Direct public investment can fix the EV chargepoint network’s coordination problem, leveraging the risk-bearing and planning capacity of the state to proactively build out this vital infrastructure. Structural reliance on private investment to drive the buildout of a public charging network will underdeliver, holding back EV adoption and transport decarbonisation. A publicly-owned chargepoint builder and operator could roll out chargepoint infrastructure in areas that are not currently commercially viable for private investment and where local authorities have struggled to access or deploy grant funding. Moreover, a public company could invest from the principle of building out a well-planned universal public charging system, divorcing investment decisions from profit-maximising imperatives. Public operation of EV chargepoint infrastructure would also allow for price-setting flexibility, with socially and therefore politically beneficial possibilities. For example, a public chargepoint operator could flexibly set rates such as lower rates during periods of off-peak electricity usage, so that people who are unable to charge at home can benefit from lower rates at public chargepoints.
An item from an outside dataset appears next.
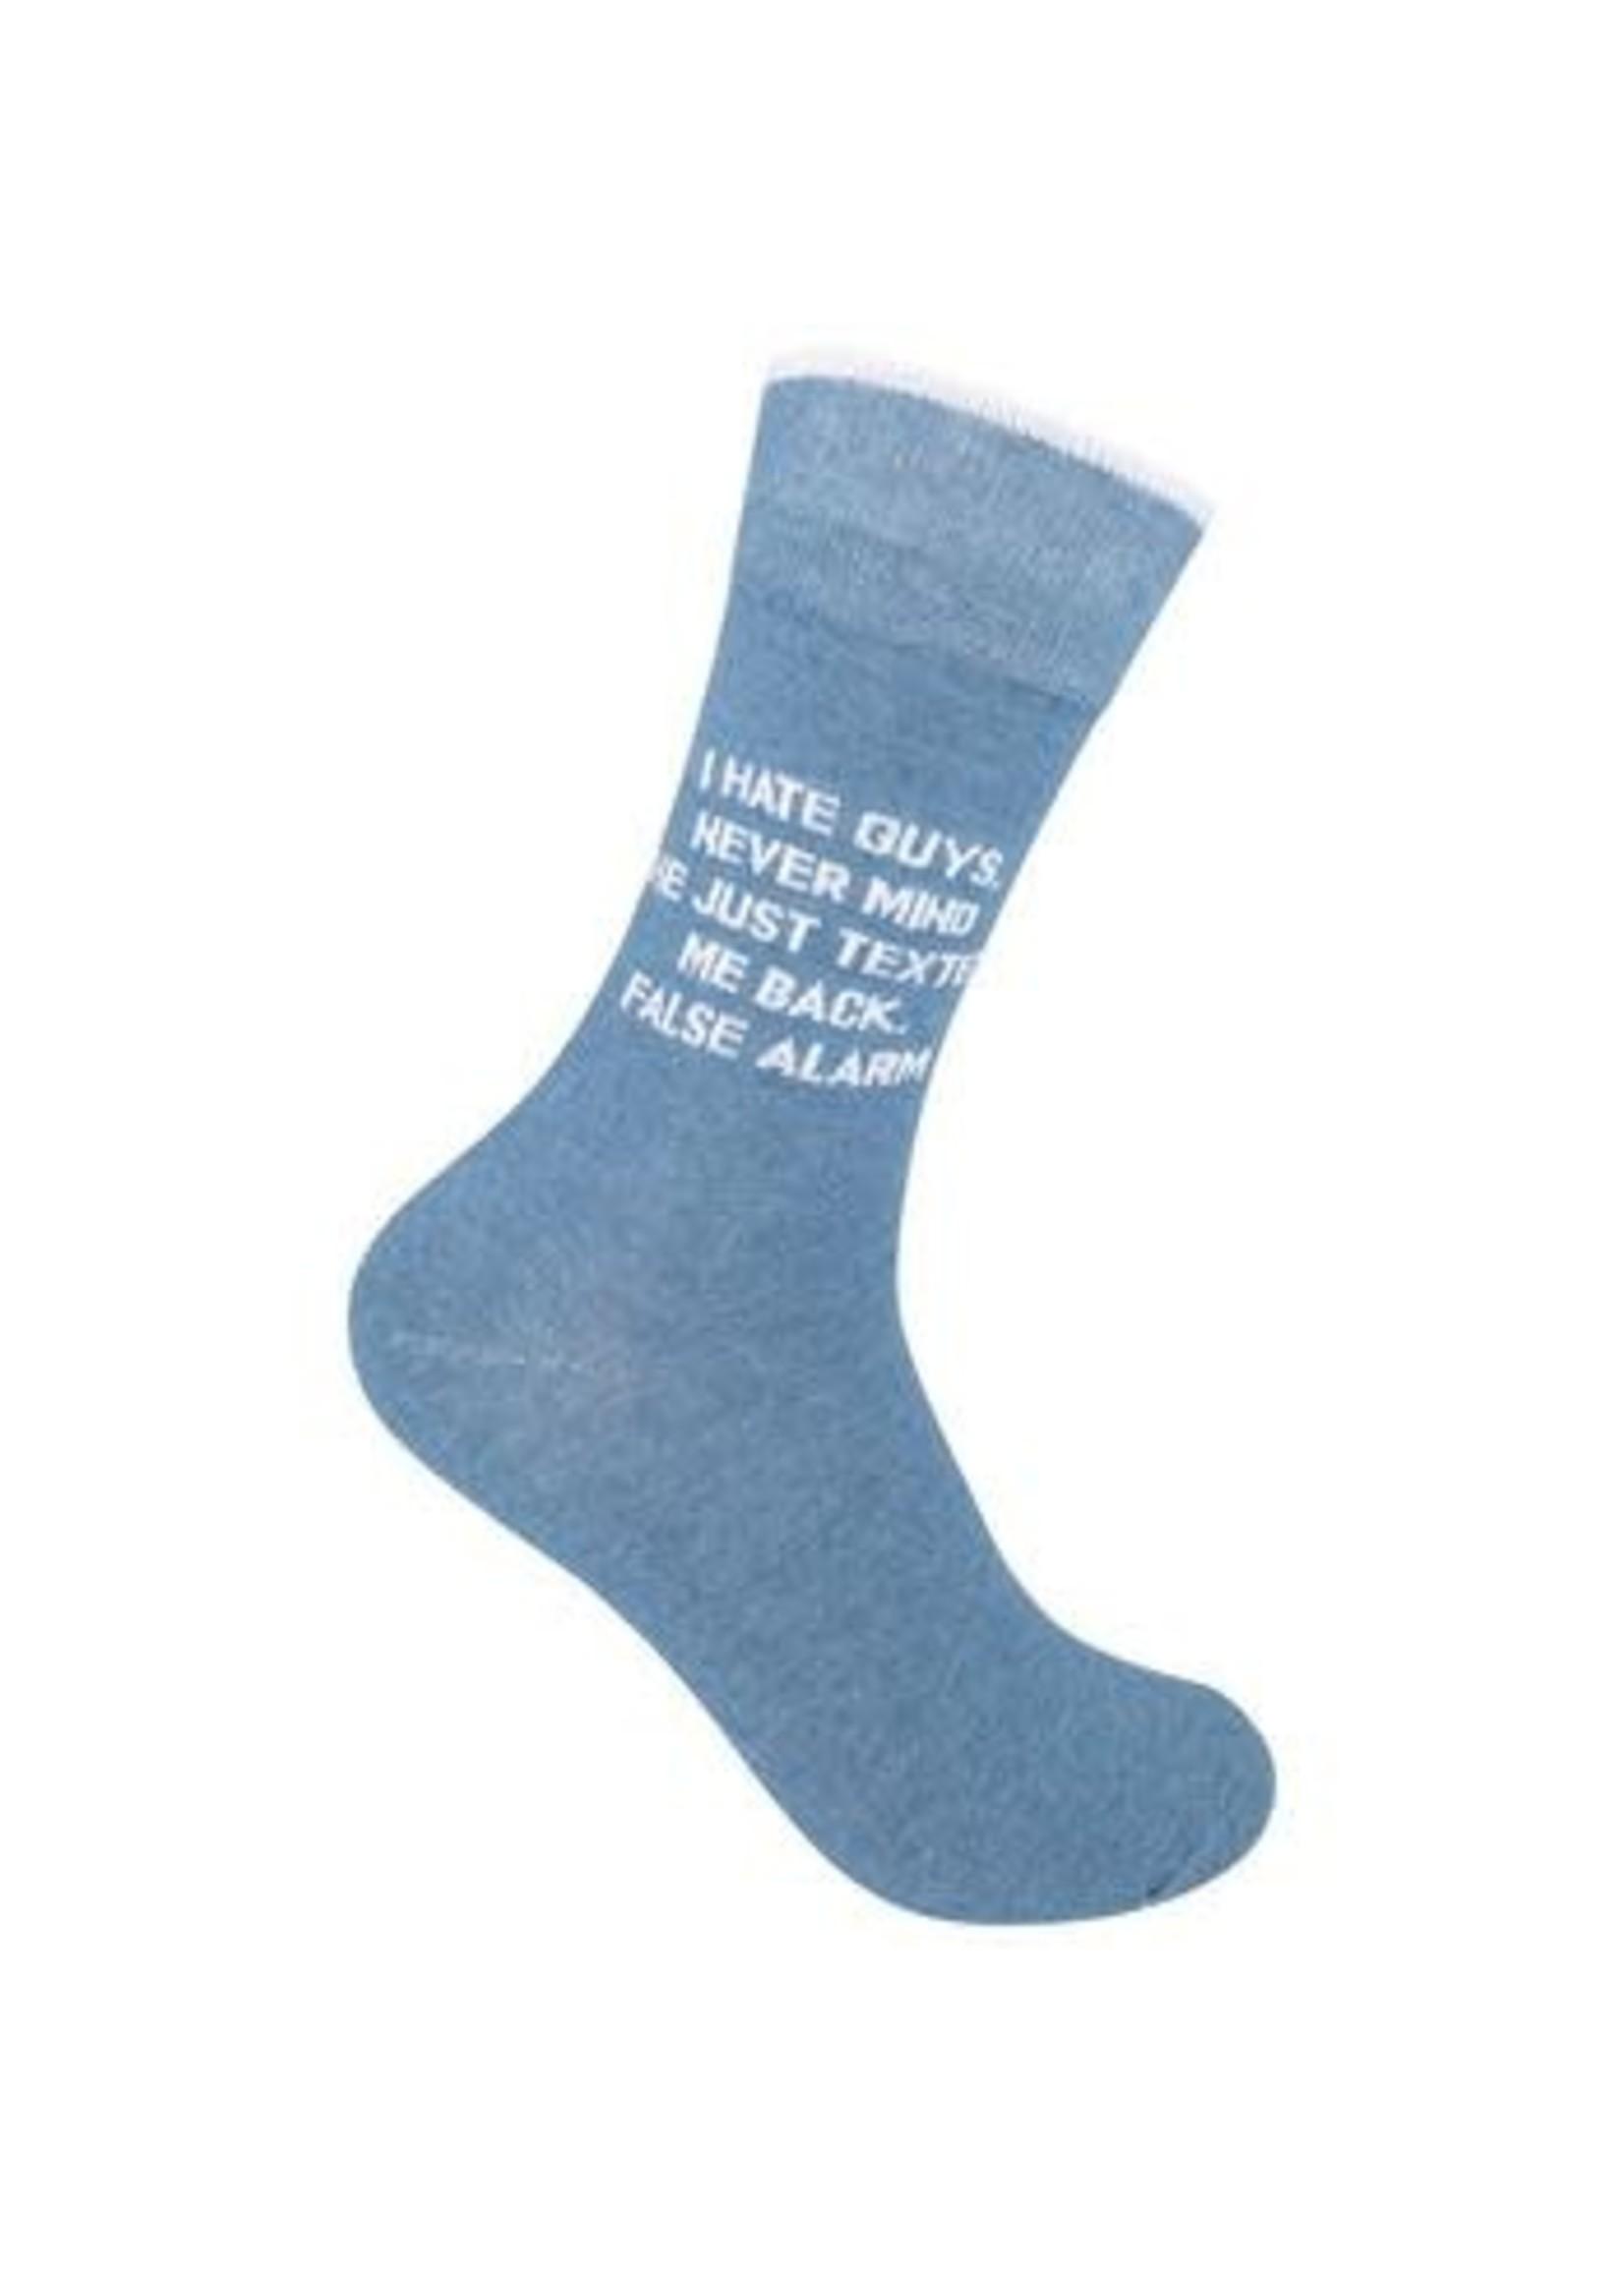 Funatic I Hate Guys Socks

With tariffs being recycled back to the public company, these chargepoints could recoup the costs of the initial government investment in infrastructure as well as become a revenue-making opportunity for the government as the switch to EVs intensifies.

The current market-led approach to building out a public charging network forfeits a potential source of fiscal revenue. A foreseeable outcome of any phaseout of ICE vehicles will be the complete erosion of revenue raised by the UK’s fuel duty tax. The fuel duty raises around £30 billion annually for general Treasury revenue — equivalent to around 6p on the basic rate of income tax. Replacing the fuel duty with alternative sources of fiscal revenue is a huge political challenge, as taxation is a distributional struggle. A progressive government must seek to develop alternative sources of revenue that are not regressive or otherwise socially harmful. Taxing EVs in the same manner as petrol cars poses some difficulties, as private at-home charging will likely constitute the majority of charging, where disaggregated electricity use is difficult to monitor and thus tax.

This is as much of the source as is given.